_WHAT TO PRODUCE_: Would you transcribe the entries below, beginning at the line with "Tirol / Brenner / Europabrücke" and ending after the line with "Рис. 3. Электросхема", exactly, with no picture and nothing more?

_AVAILABLE RECORDS_:

☆ ☆ ☆

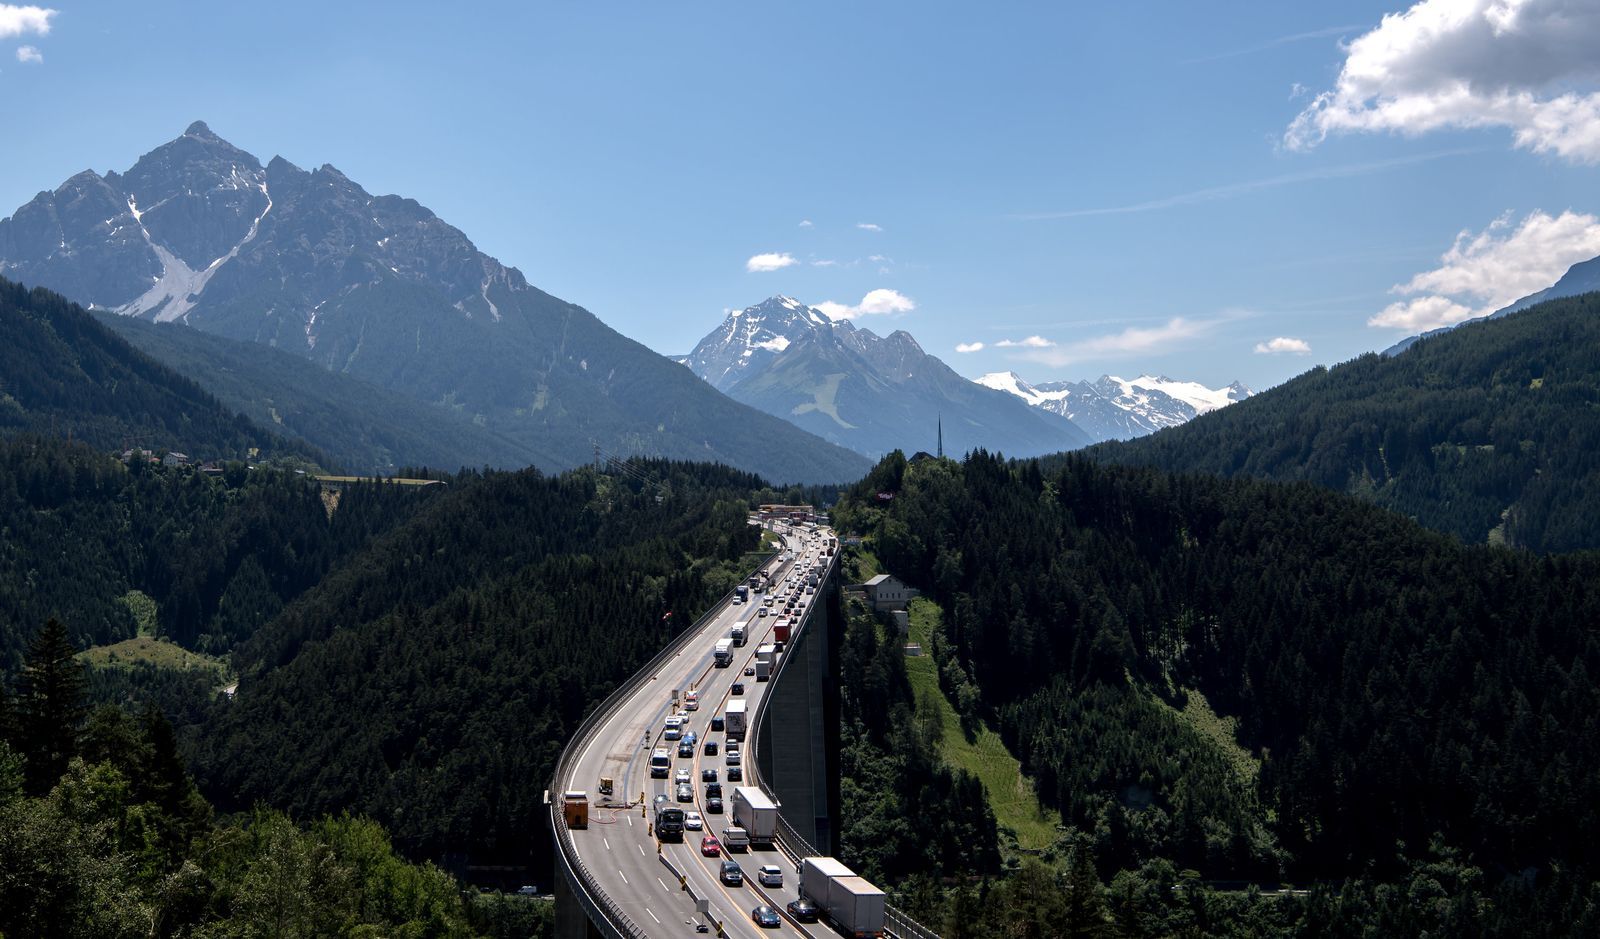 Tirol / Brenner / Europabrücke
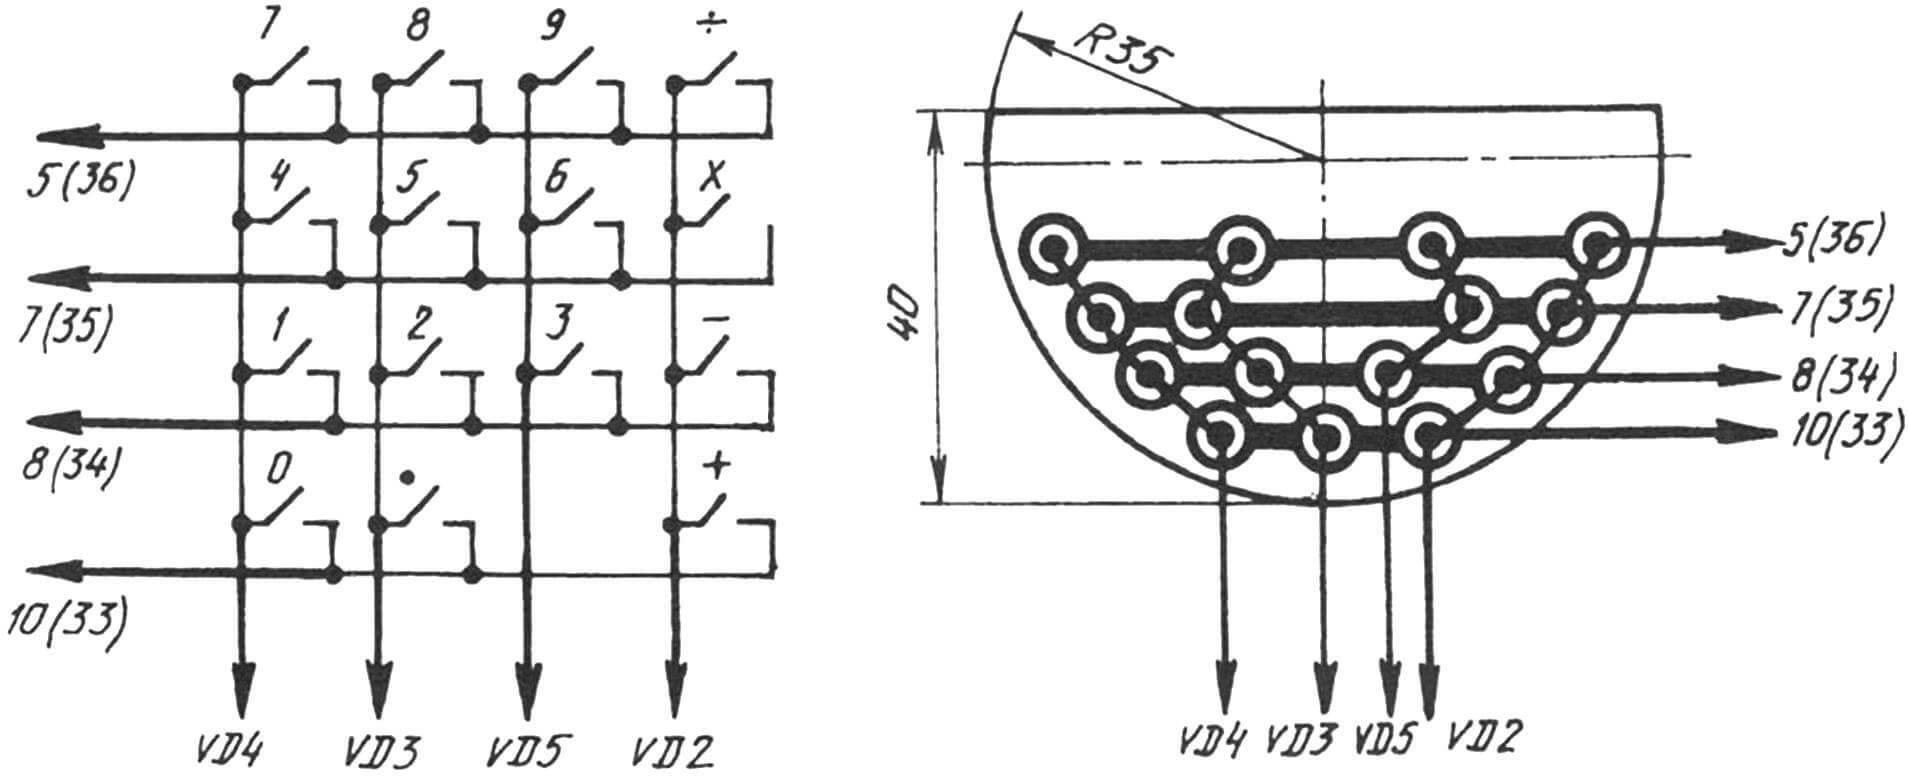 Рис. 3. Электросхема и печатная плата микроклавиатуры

☆ ☆ ☆

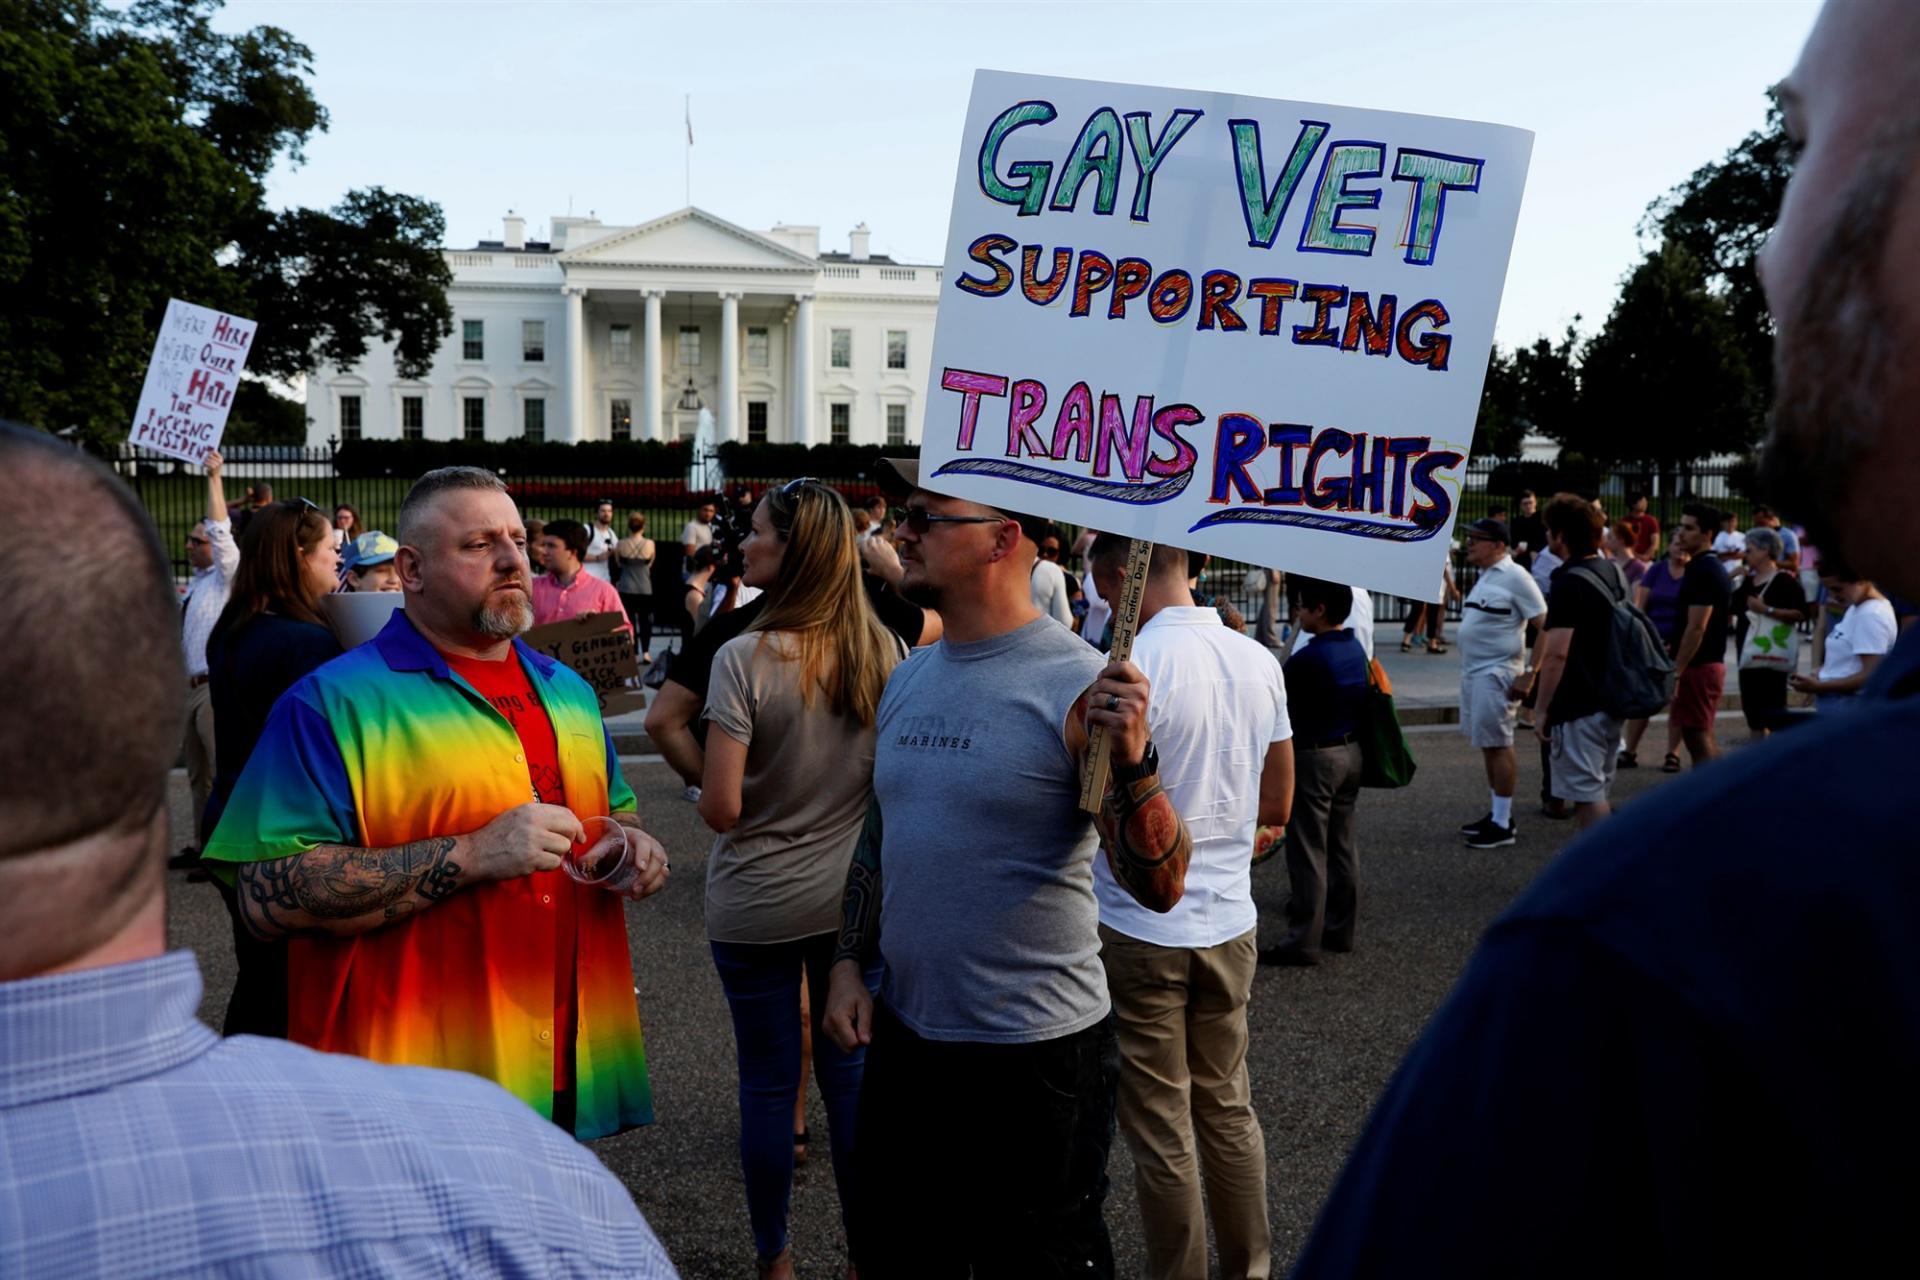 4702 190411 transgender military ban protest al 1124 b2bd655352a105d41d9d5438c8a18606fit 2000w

☆ ☆ ☆

_EXERCISE RESULT_:
 Tirol / Brenner / Europabrücke
 Рис. 3. Электросхема и печатная плата микроклавиатуры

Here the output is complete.